**Task to carry out:**
Restate word for word the lines below from the one that has "2021 NCAA Women's" through the one that has "Welcome to Or Haneshamah!", keeping both and dropping all pictures.

**Data for review:**
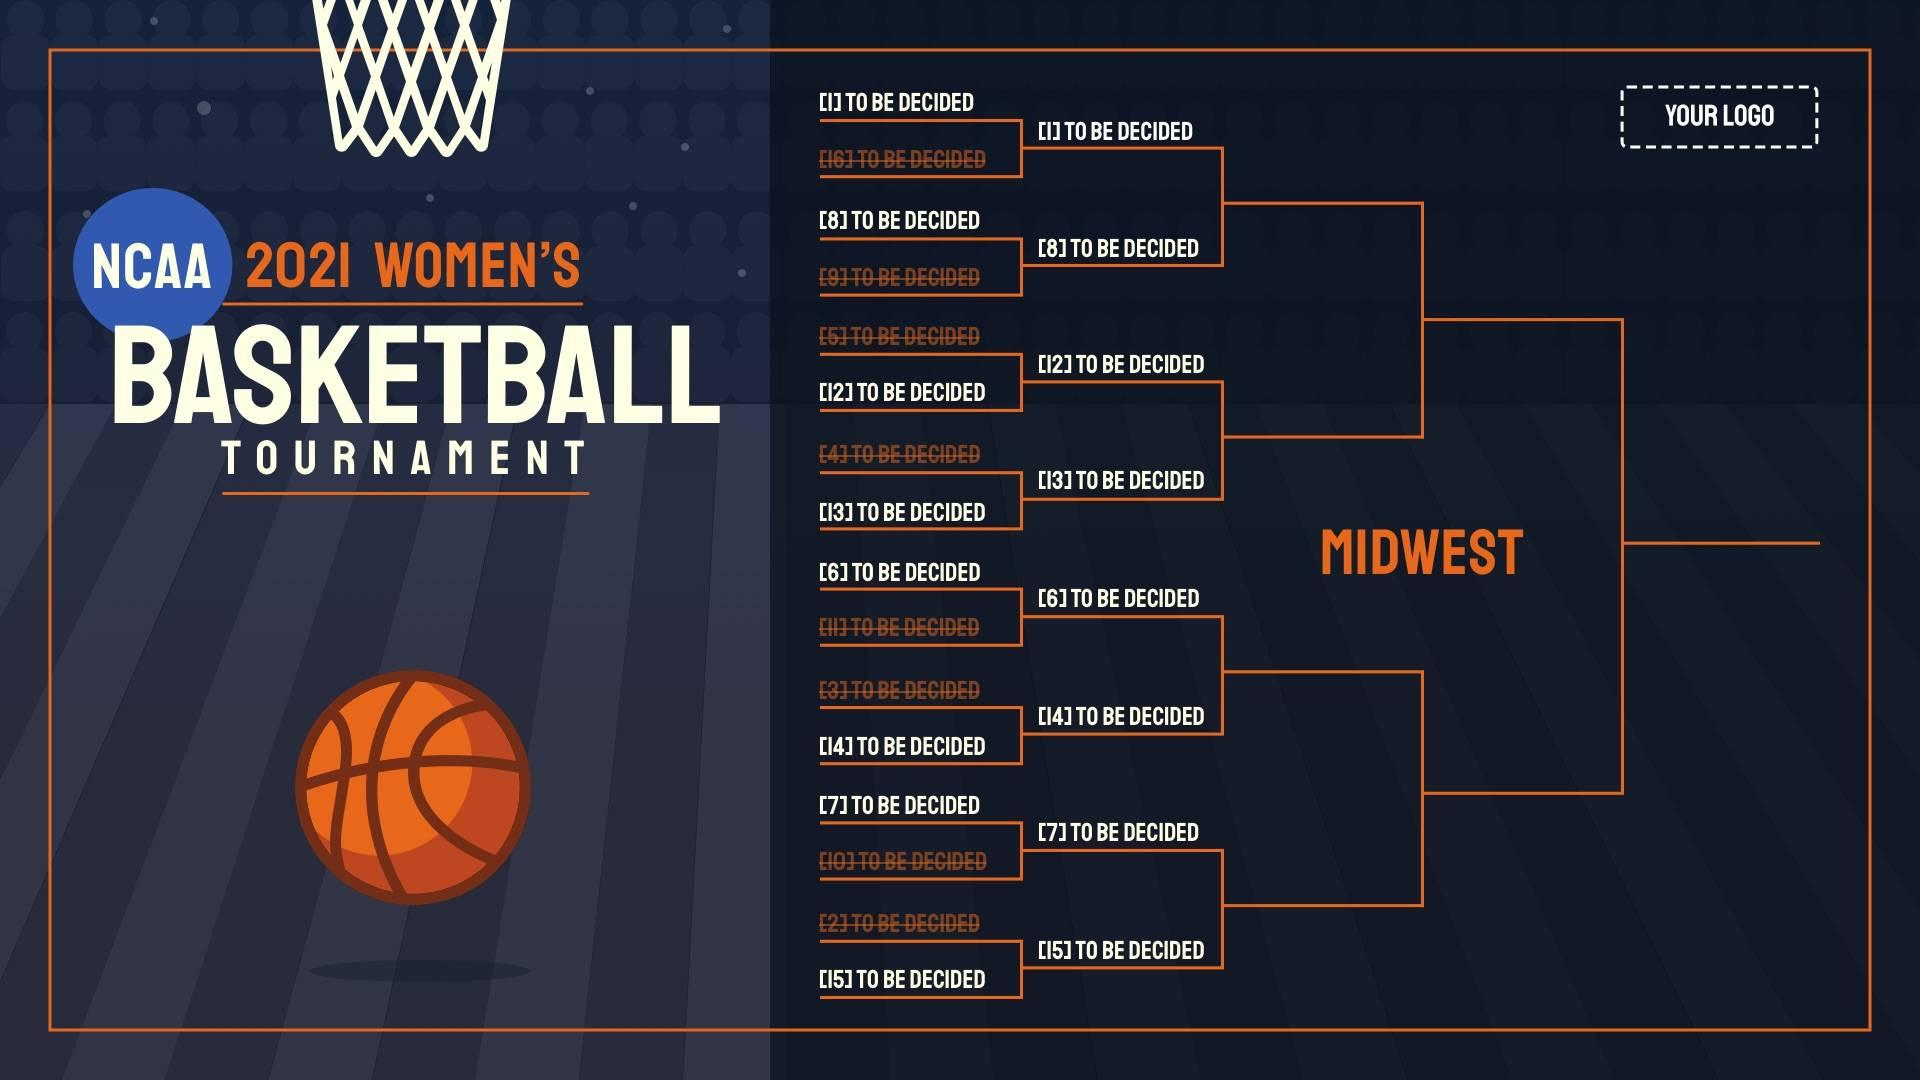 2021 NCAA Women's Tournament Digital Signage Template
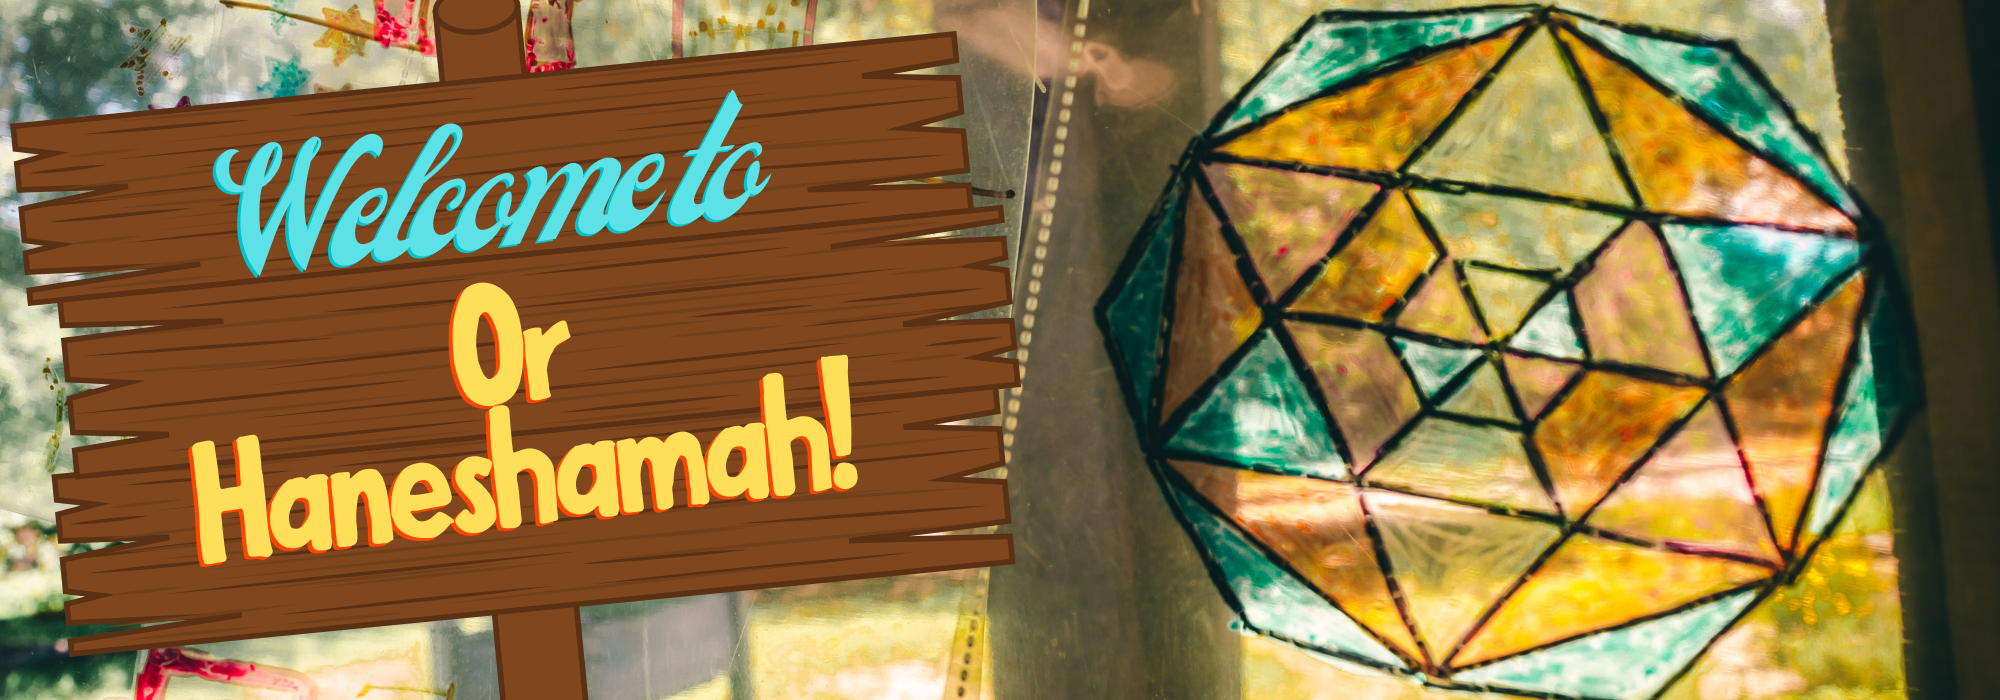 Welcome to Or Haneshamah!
* * *
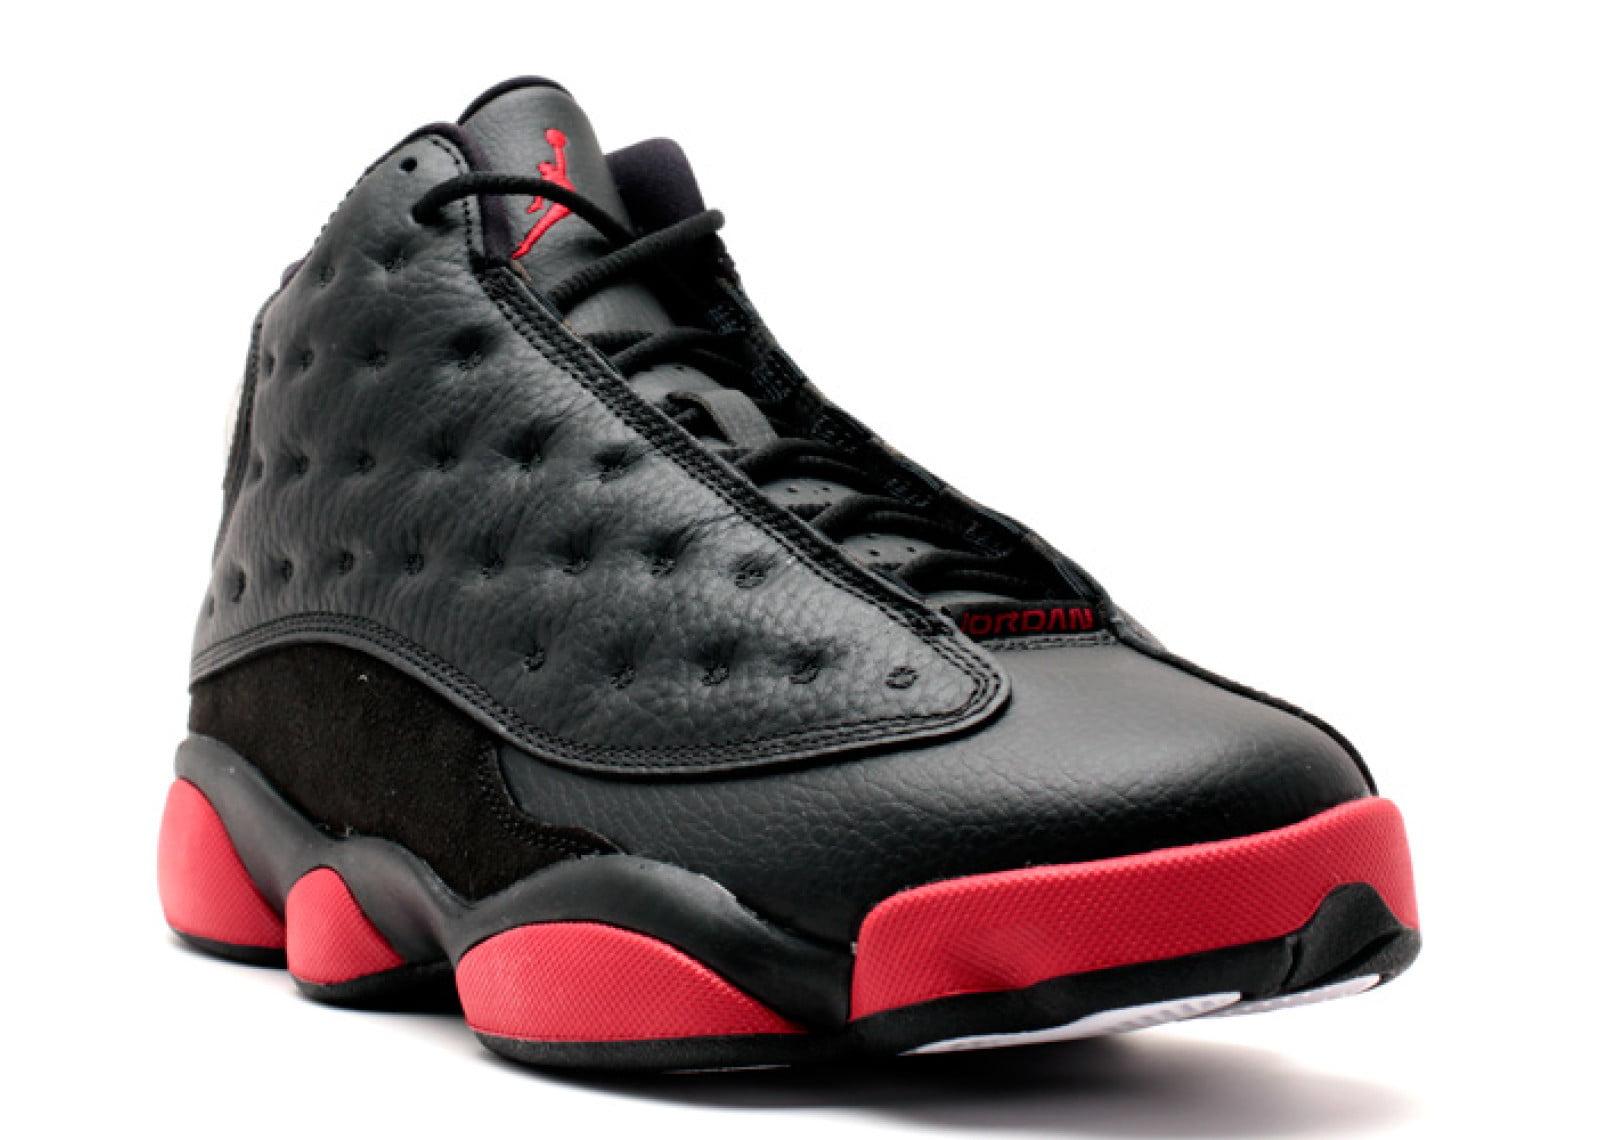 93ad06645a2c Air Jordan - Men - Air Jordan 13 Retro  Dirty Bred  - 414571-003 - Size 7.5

**Answer space:**
 2021 NCAA Women's Tournament Digital Signage Template
 Welcome to Or Haneshamah!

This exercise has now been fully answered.